Her conversation with Kurt last evening still plagued her. She’d woken several times during the night, bothered by his attitude and her apparent indifference to him. She wondered if she even loved him any longer. More, she pitied him for holding on to such inexplicable anger that so clouded his judgment.
Yet his sentiments were not uncommon.
Theodor Pohl was opening a wound that had never healed. His politics of hate, couched in terms of patriotism, would only send Germany backward. Someone needed to speak out. And at the moment, she was the only spokesperson who could command a national audience.
But the risks were real.
Modern Germans were confirmed pacifists. They wanted no mention of the former wars, either directly or indirectly. By and large they were consumed with historical guilt, bleeding their anguish in rivulets of pride.
But could that wound be mended?
The next couple of days might provide an answer, but the thirty-minute drive north from Munich that she’d just endured seemed to have served as a sobering prelude. Few road signs had pointed the way, as if the concentration camp was better left unknown. Her staff reported that, over the past few years, there’d been a sharp decline in German visitation. The vast majority of visitors to Dachau were either tourists or students.
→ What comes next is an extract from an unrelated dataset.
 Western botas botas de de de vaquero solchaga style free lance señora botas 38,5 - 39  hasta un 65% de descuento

Schoolchildren came simply because German law proclaimed they must, yet Pohl was openly advocating a switch to voluntary school visits, something recent opinion polls indicated nearly 40 percent of the people favored.
Which was another disturbing trend.
She recalled when, at age eleven, she’d made her obligatory visit. Her mother had tried to explain the madness, and she’d reacted with the innocence of a child. Her adolescence was spent in postwar Germany amid a nation in ruins. She’d watched cities rise from rubble and the countryside re-emerge from wholesale destruction.
And the worst of all.
The creation of two Germanys.
One free. The other enslaved. One looking west. The other east. Barbed wire, land mines, and armed guards kept one population contained and the other from doing anything about it.
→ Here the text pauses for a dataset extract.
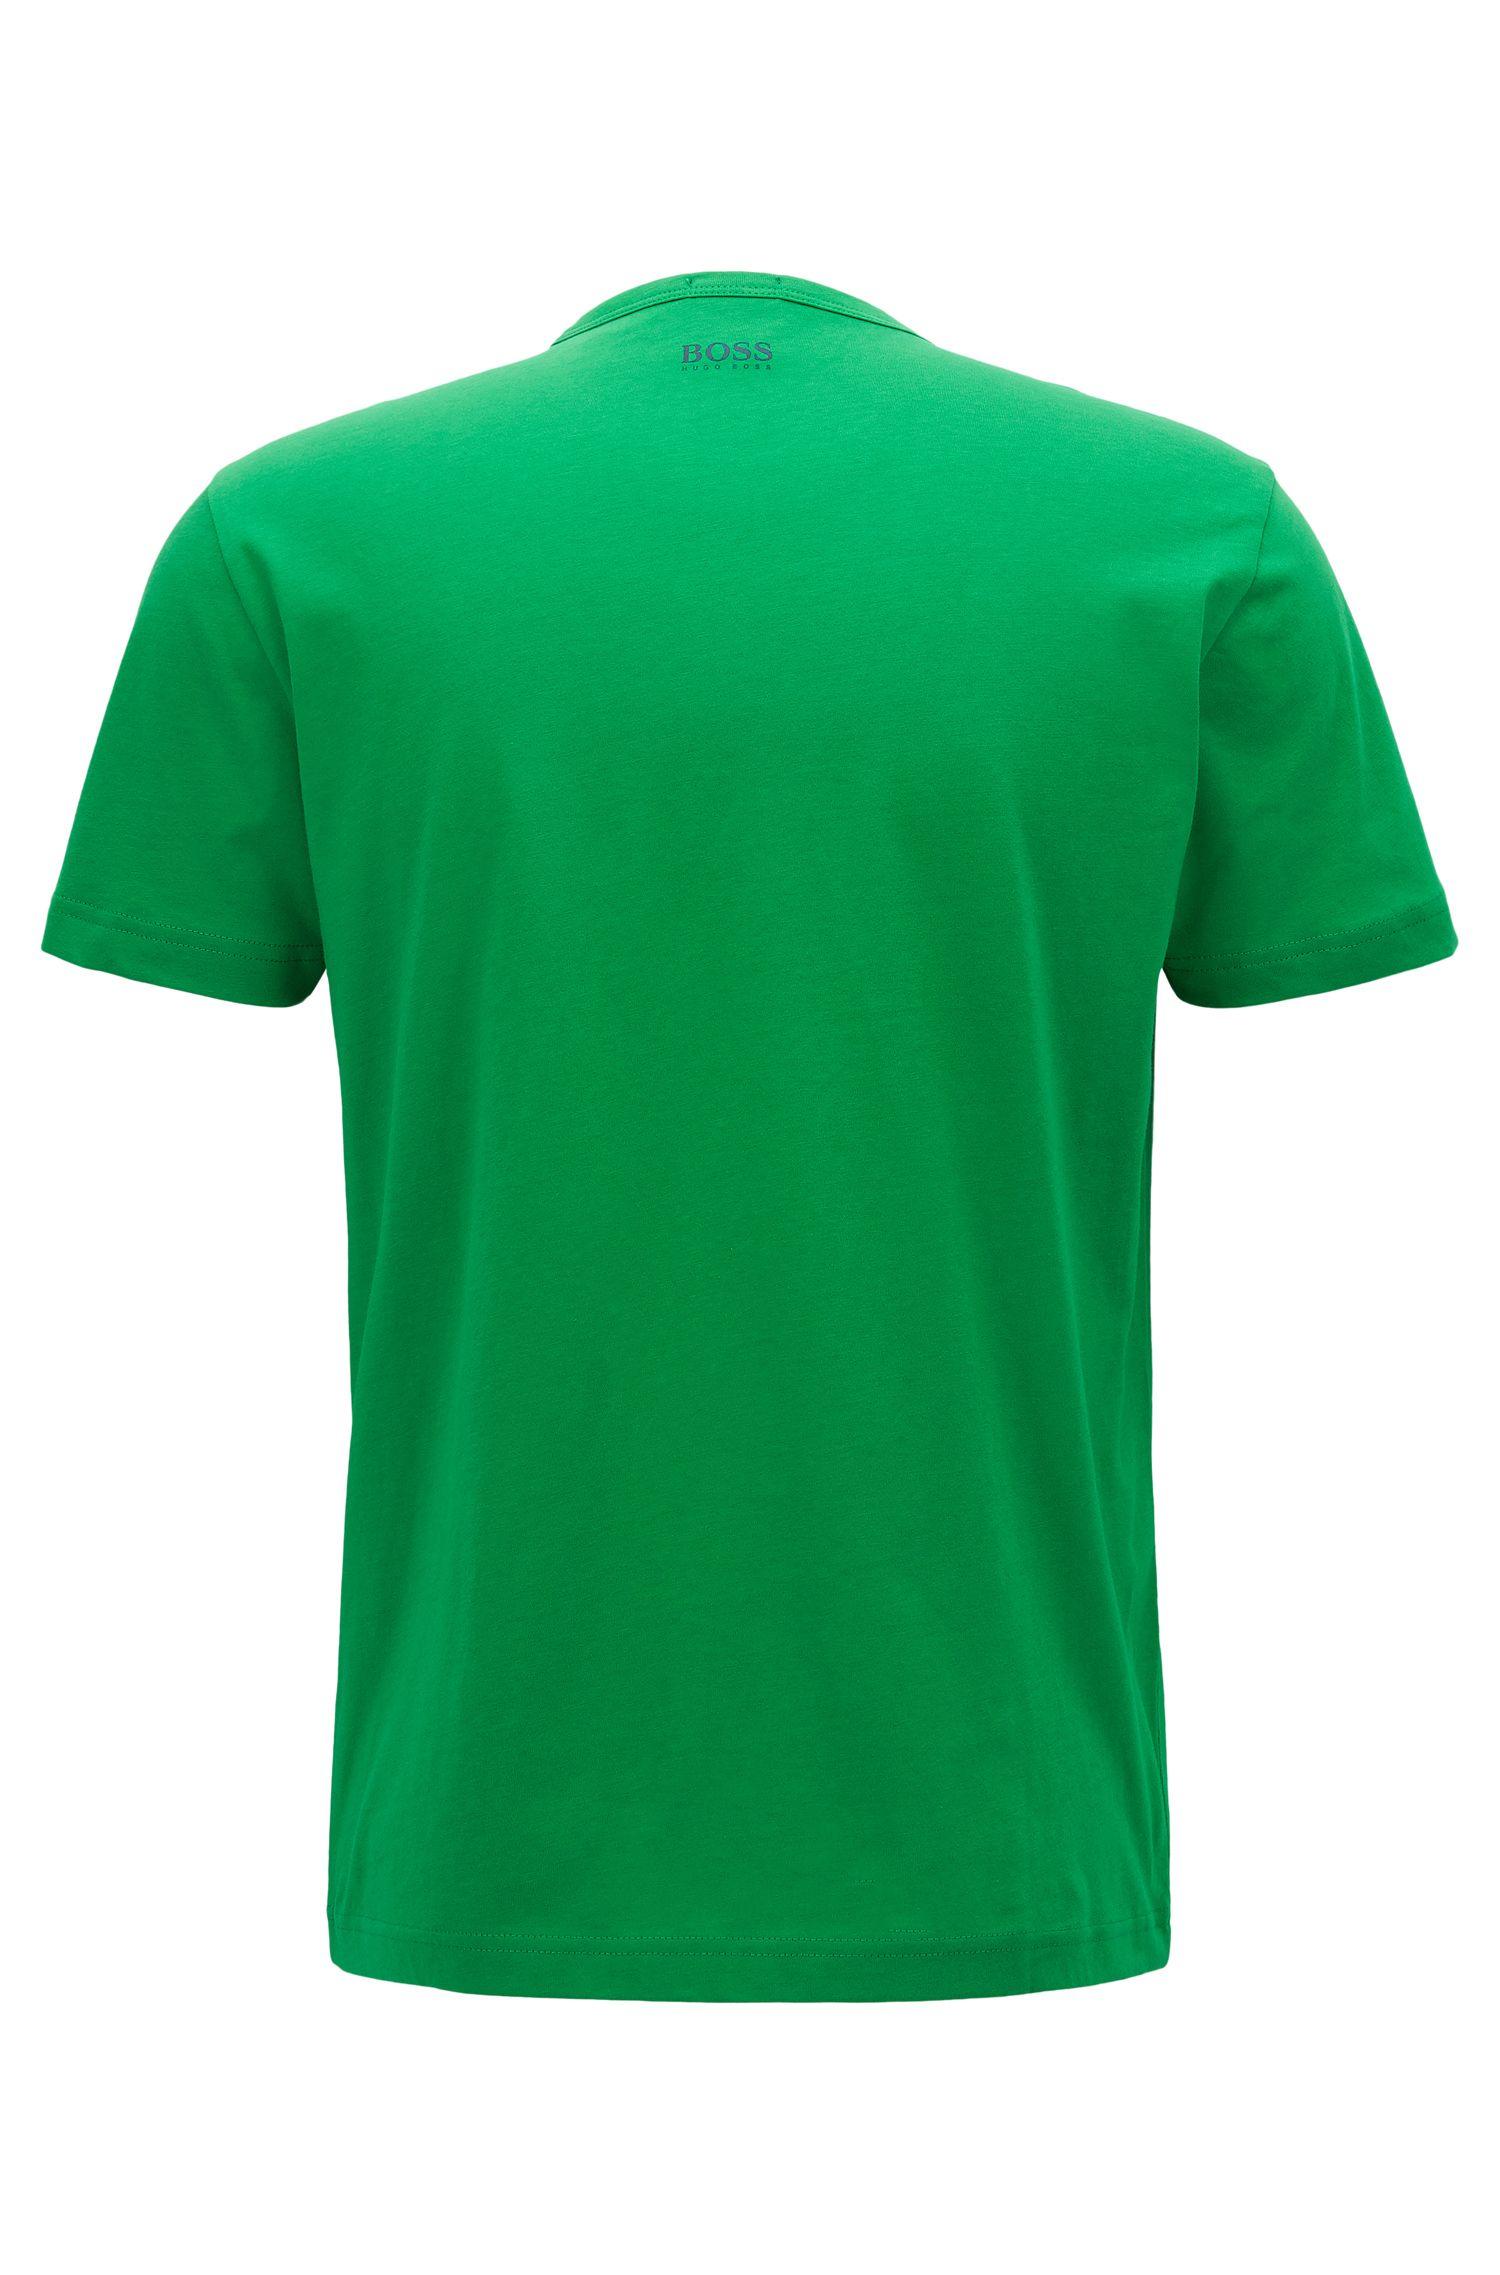 T-Shirt aus Baumwoll-Jersey mit Rundhalsausschnitt

What a waste. And all for nothing.
She turned her attention back to the scene before her. The day was warm with a low bank of pewter cumulus rolling in from the Alps to the south. The wire perimeter, concrete administration buildings, and watchtowers of the former camp still stood. But the barracks were gone, torched by Allied liberators. All that remained were rectangular gravel plots marking their foundations, arranged in rows side by side, like semi-buried coffins, and one replica barrack rebuilt to illustrate the horror that was Dachau.